Antihistamines stop the allergic cascade from occurring inside the body; essentially, they stop the harmful chemicals from being released from your own cells. These medicines should be used under the supervision of a doctor.
As the severity of symptoms may vary from person to person, the frequency and the duration you use the medications will depend on your doctor. Occasionally, surgery can help with the symptoms of allergic rhinitis.
Other medications that may be used are decongestants (for short courses only) and nasal irrigation solutions.
Long Term Management
Many who suffer from allergic rhinitis inevitably ask: “Will I have to take these medicines for the rest of my life?”
This really depends on your symptoms. Many patients will need it long-term to control their symptoms.
The mistake most patients make is to stop the medications as soon as their symptoms are controlled, which usually happens after two weeks of using the medications regularly. The symptoms are very likely to come back because the allergic triggers will still be present.
Immunotherapy to Alter Your Immune Response
Immunotherapy is the newest treatment available for allergies. This treatment exposes your immune system to small doses of an allergen. Over time, the immune system will develop a response which will cause you to tolerate the allergen, instead of over-reacting to it.
Immunotherapy treatments need to be given regularly and only certain patients (patients who are sensitive to one or two allergens only) are suitable for it. Your suitability will be determined during your consultation with the doctor.
Allergic rhinitis is associated with other conditions such as sinusitis, otitis media, Eustachian tube dysfunction and allergic conjunctivitis. It is also related to diseases such as asthma, nasal polyps and atopic eczema.
Of all patients with allergic rhinitis, 20% will have asthma. There is now enough evidence to show that uncontrolled rhinitis can worsen asthma and atopic eczema. This is particularly important in the management of children with asthma.
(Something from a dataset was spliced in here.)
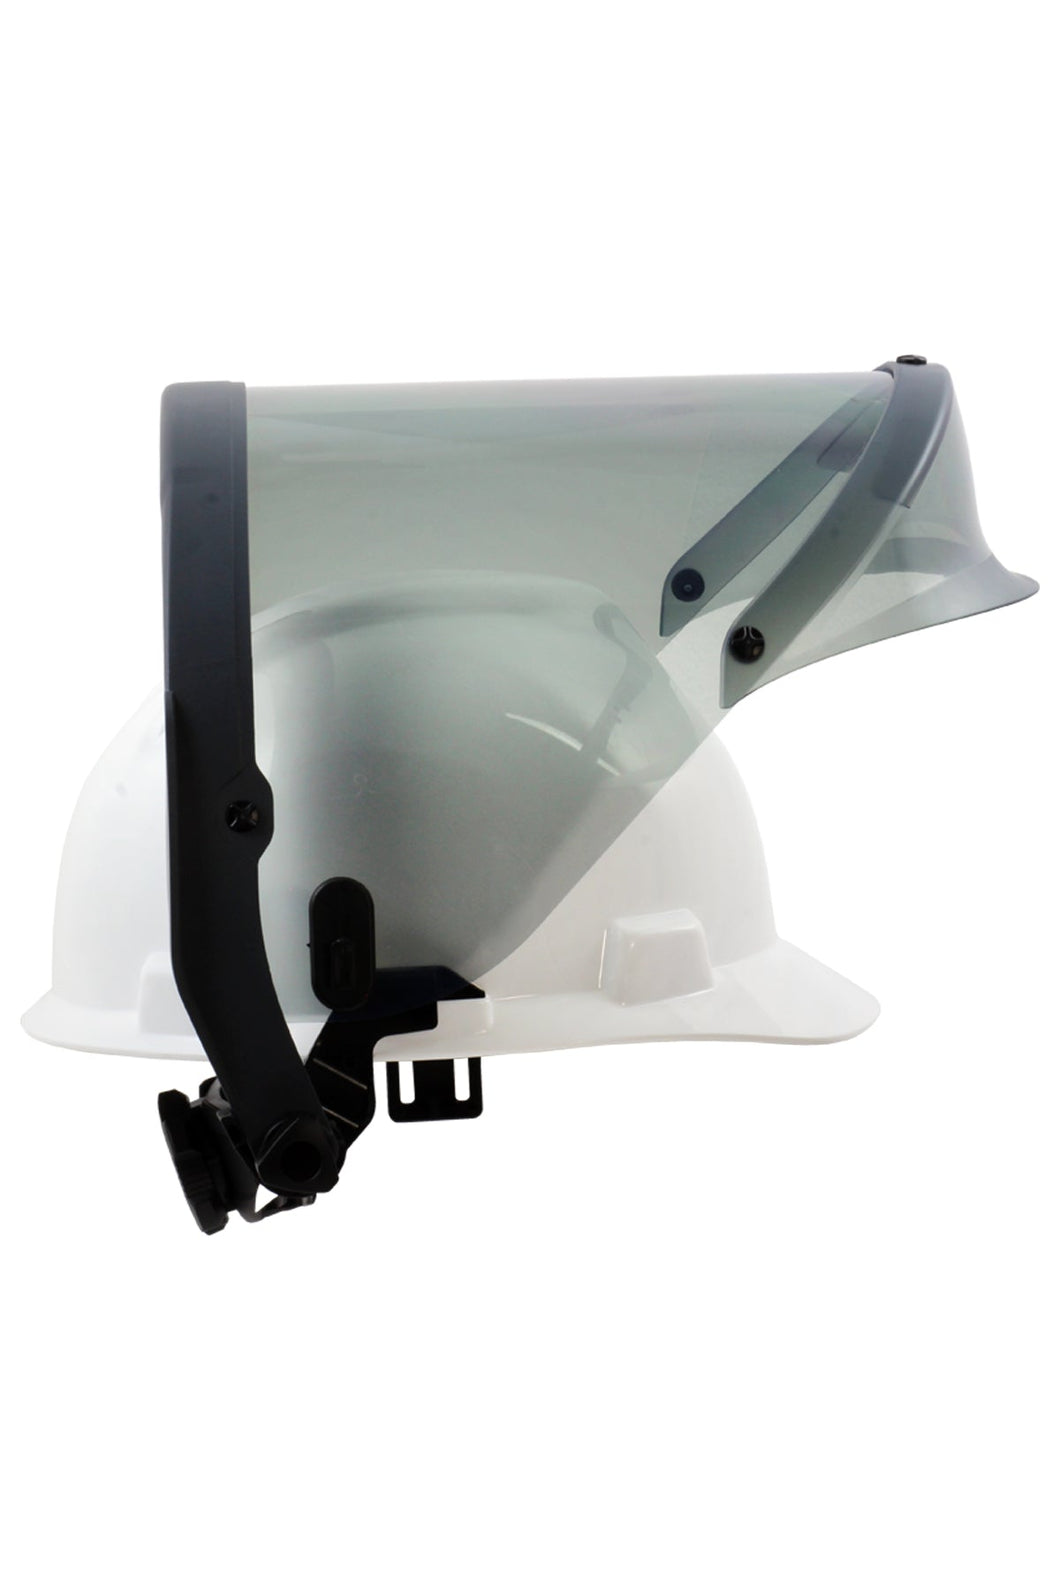 12 CAL Enespro Face Shield with Slotted Bracket and Hard Hat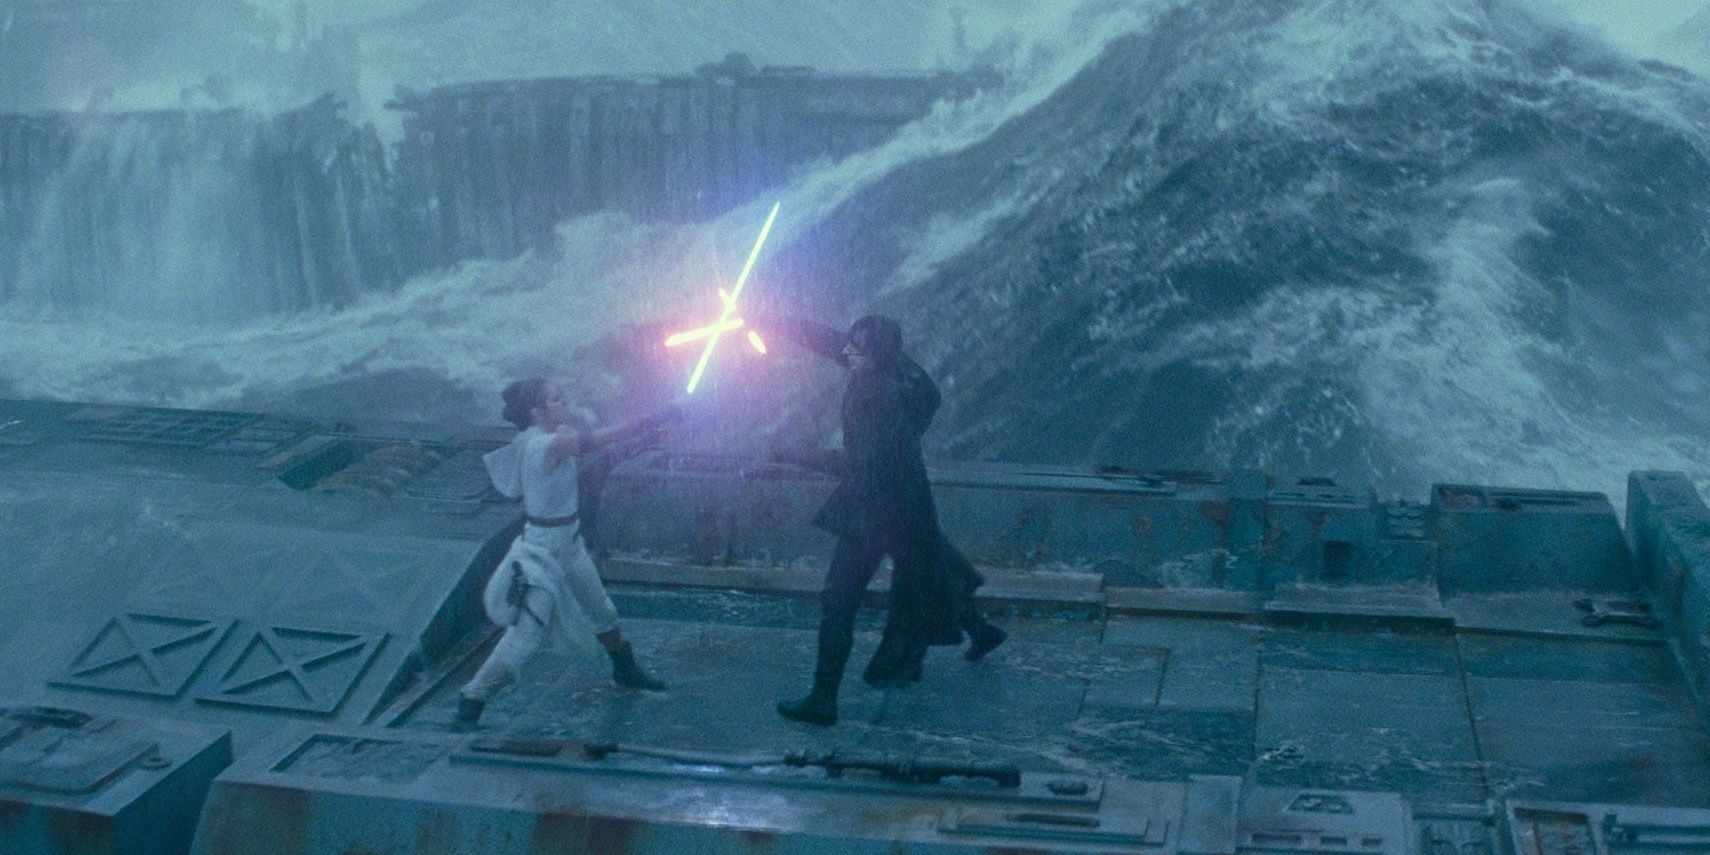 Star Wars The Most Iconic Moment From Every Saga Film Ranked

Allergic Rhinitis is Not the Same as Sinusitis
“Doctor, I think I have sinus!” is a common remark heard in the clinics of ear, nose and throat surgeons (also known as otorhinolaryngologists).
Take note that sinuses are air-filled cavities which are present within the bony skull of the face and within the head. Sinusitis occurs when there is inflammation of the lining of the sinuses.
Although rhinitis and sinusitis can occur together, the symptoms of sinusitis are facial pain (pain in the cheeks, forehead and around or between the eyes), headache, mucus dripping down the throat, tiredness and bad breath.
Rhinitis is more common than sinusitis. Treatments for sinusitis may vary slightly from treatments for rhinitis; it is best to have a proper diagnosis of your condition.
Apart from the nose, allergy can affect other systems and cause tummy ache, vomiting, diarrhoea or breathing problems. Severe allergic reactions such as angioedema and anaphylaxis can be life-threatening. A detailed consultation with a specialist is the first step in managing your allergies.
Allergic rhinitis is worth treating because whether you have mild and intermittent symptoms or debilitating symptoms, treating the rhinitis will definitely improve the quality of your daily life.